REQUIREMENT: The data must be reproduced verbatim; images are to be omitted.

DATASET EXCERPT:
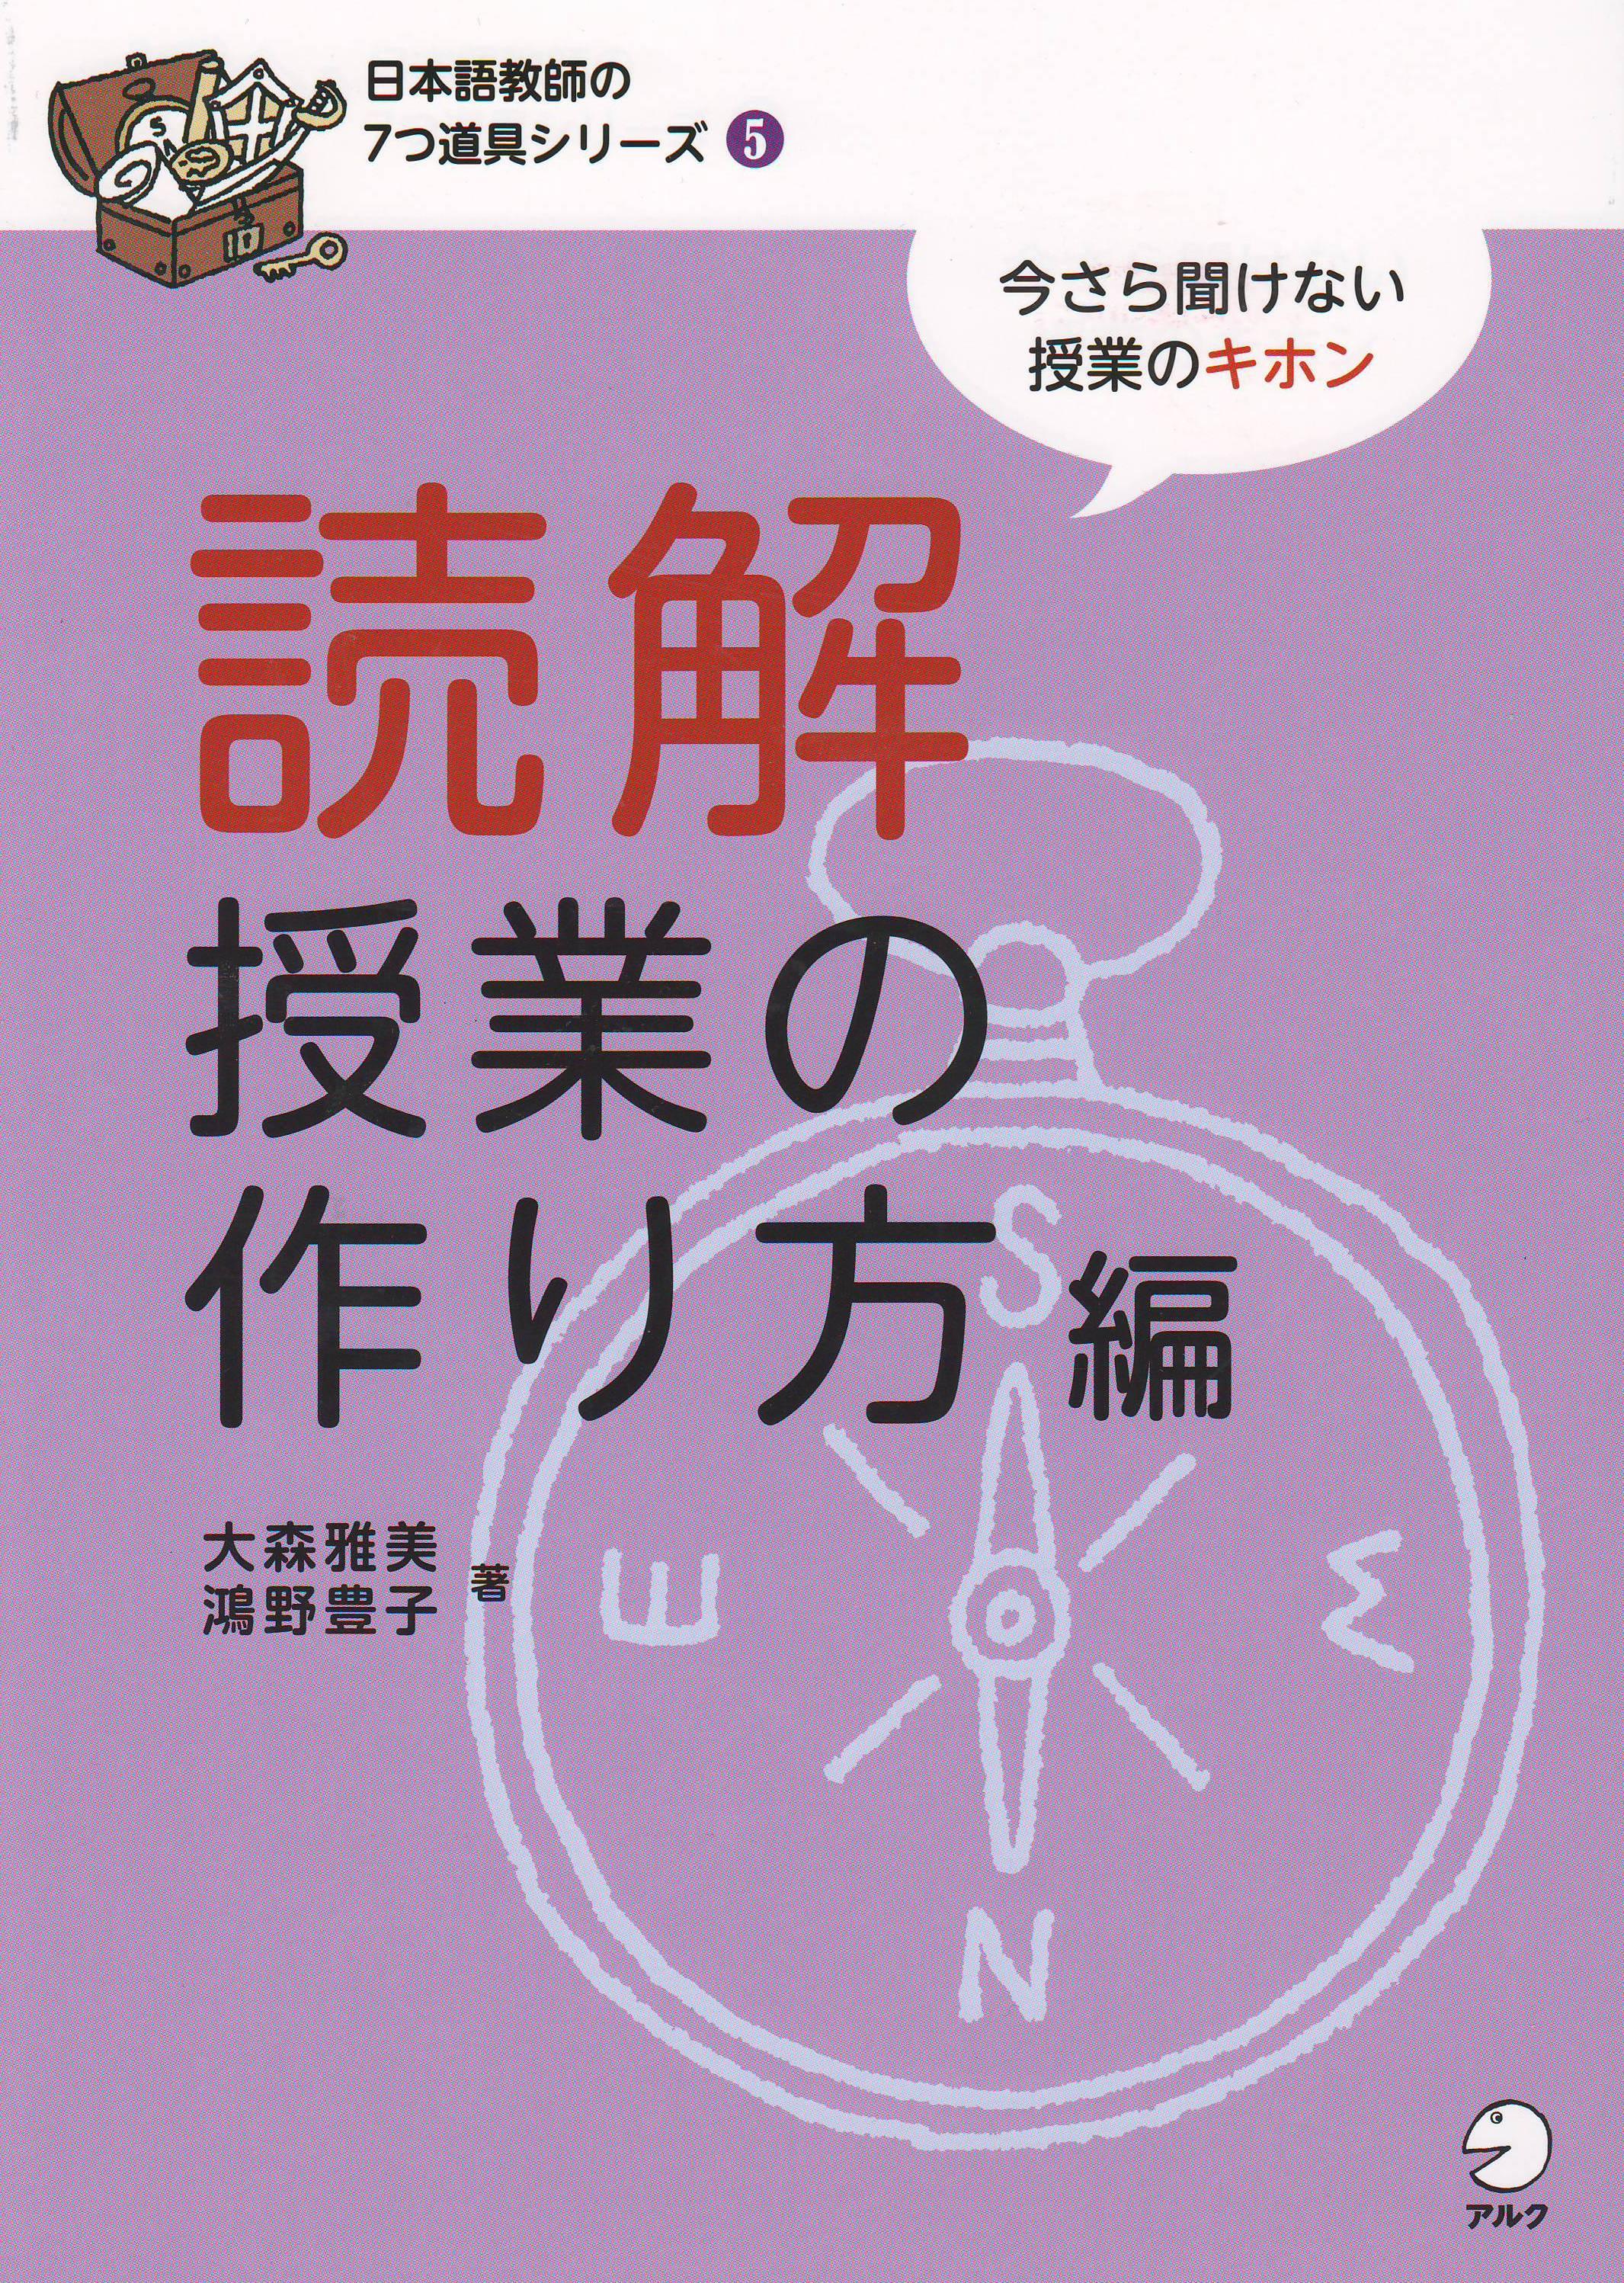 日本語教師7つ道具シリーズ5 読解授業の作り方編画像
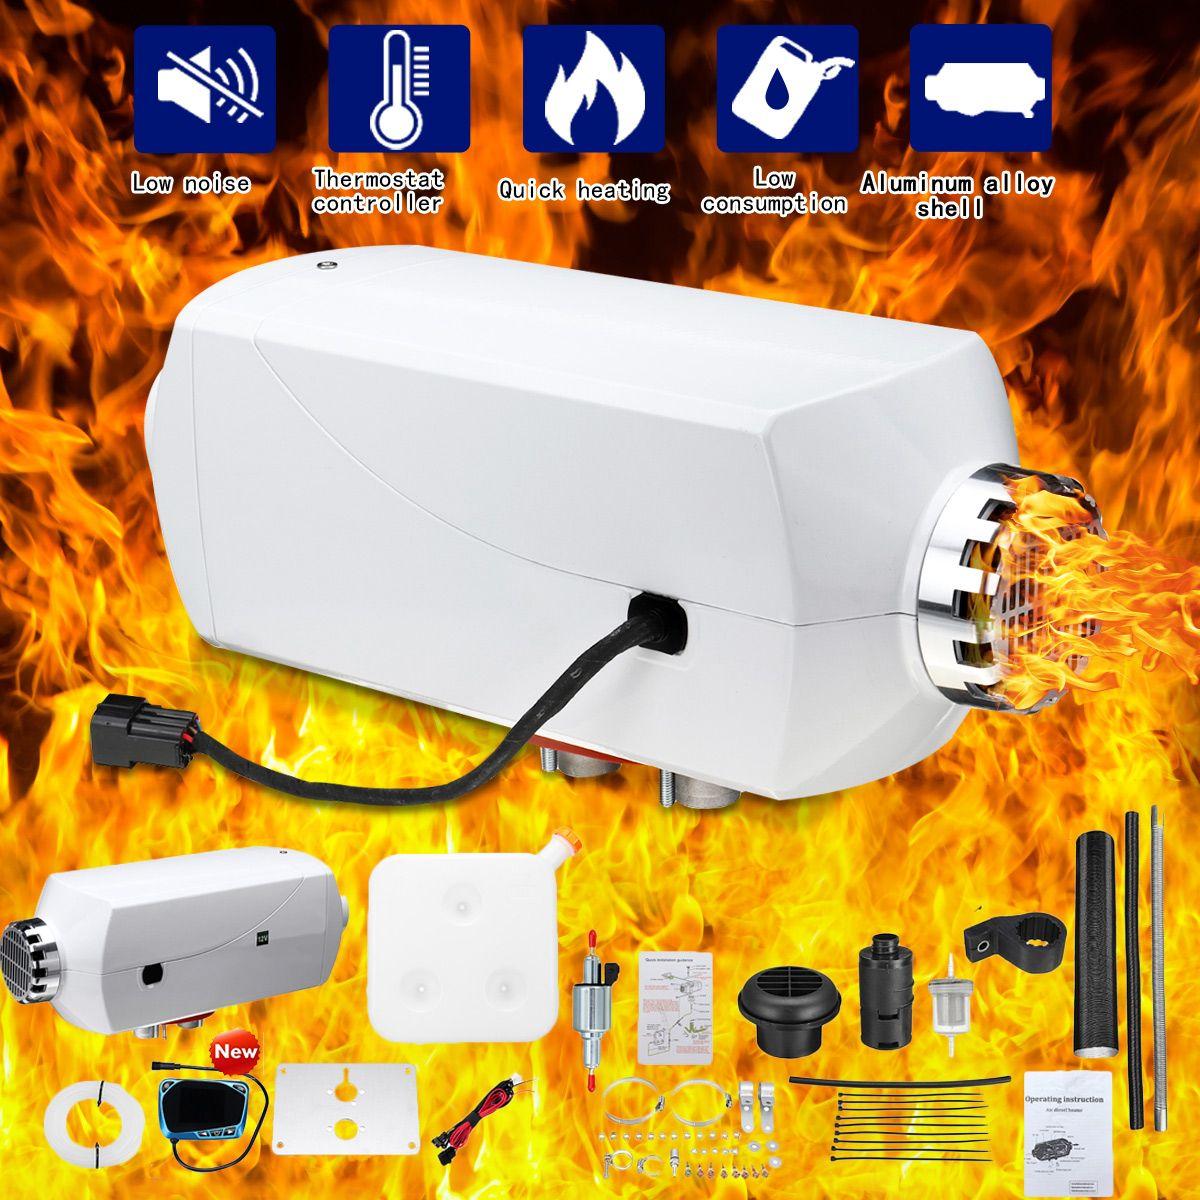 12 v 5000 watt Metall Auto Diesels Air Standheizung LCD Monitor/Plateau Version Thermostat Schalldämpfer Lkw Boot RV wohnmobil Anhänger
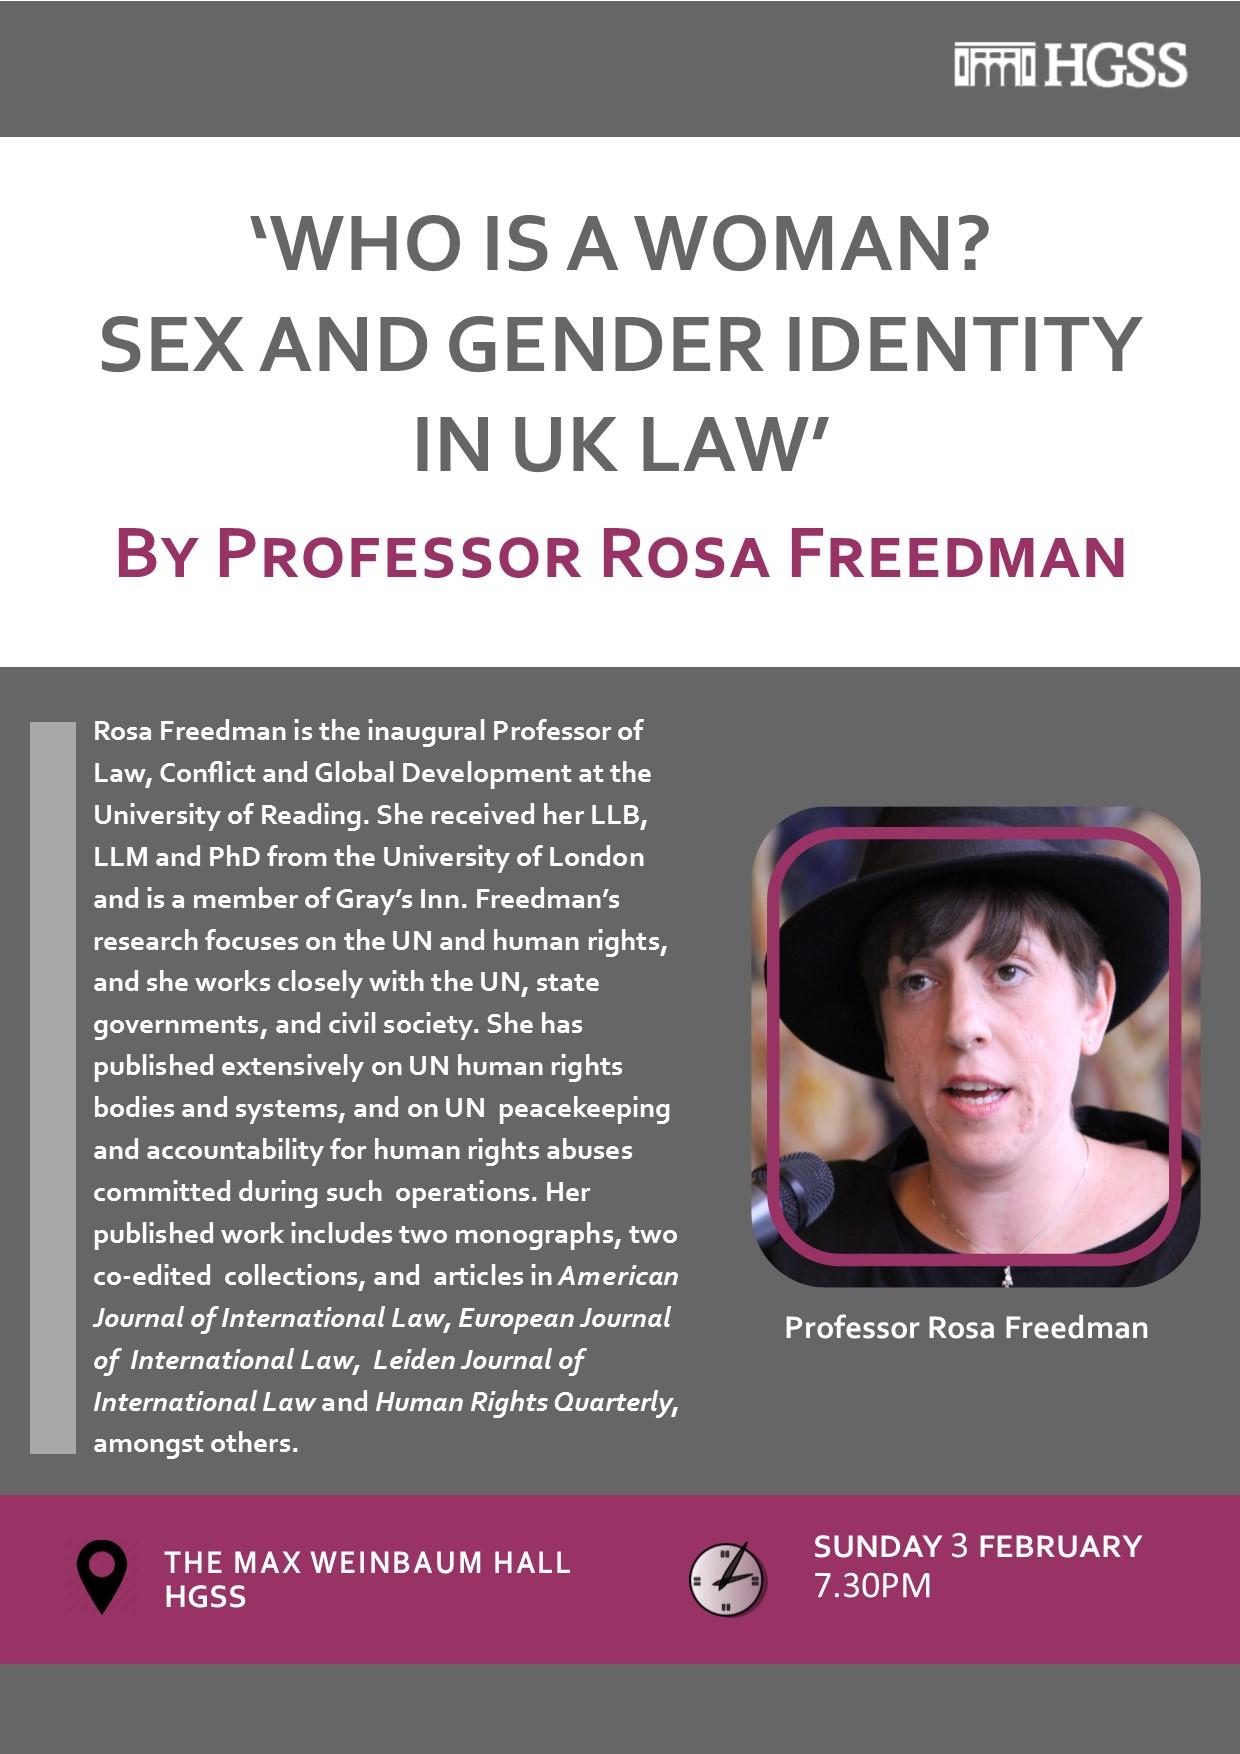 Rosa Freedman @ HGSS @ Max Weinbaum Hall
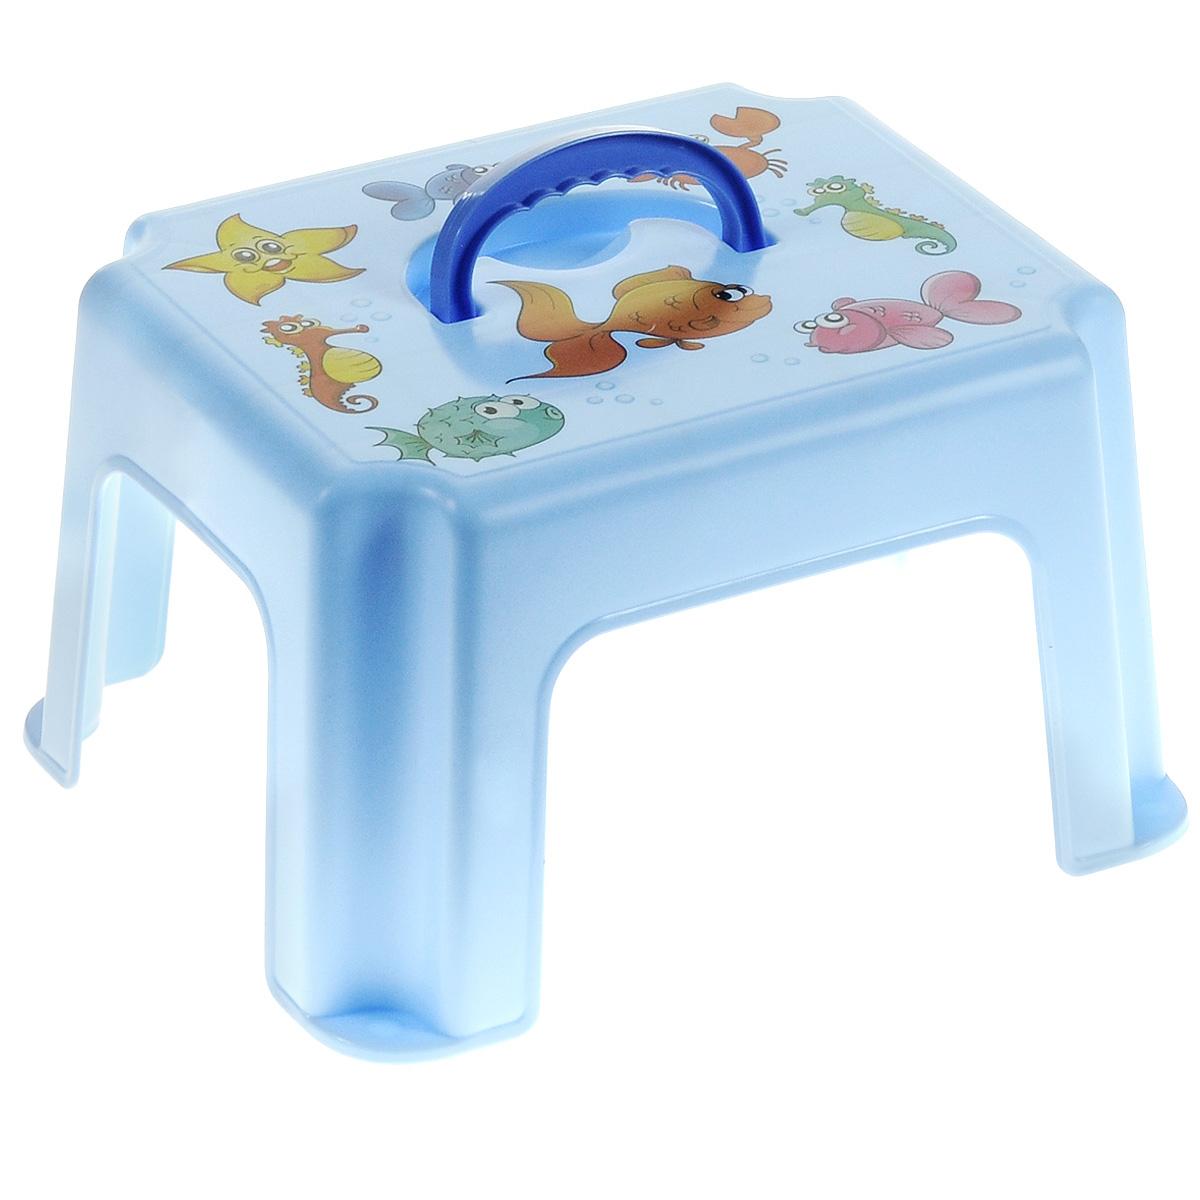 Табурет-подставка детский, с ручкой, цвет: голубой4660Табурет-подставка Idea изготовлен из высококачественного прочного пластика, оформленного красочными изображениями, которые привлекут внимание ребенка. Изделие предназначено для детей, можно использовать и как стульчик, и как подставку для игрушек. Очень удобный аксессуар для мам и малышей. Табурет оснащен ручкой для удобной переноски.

RESULT OF THIS EXERCISE:
 日本語教師7つ道具シリーズ5 読解授業の作り方編画像
 12 v 5000 watt Metall Auto Diesels Air Standheizung LCD Monitor/Plateau Version Thermostat Schalldämpfer Lkw Boot RV wohnmobil Anhänger
 Rosa Freedman @ HGSS @ Max Weinbaum Hall
 Табурет-подставка детский, с ручкой, цвет: голубой4660Табурет-подставка Idea изготовлен из высококачественного прочного пластика, оформленного красочными изображениями, которые привлекут внимание ребенка. Изделие предназначено для детей, можно использовать и как стульчик, и как подставку для игрушек. Очень удобный аксессуар для мам и малышей. Табурет оснащен ручкой для удобной переноски.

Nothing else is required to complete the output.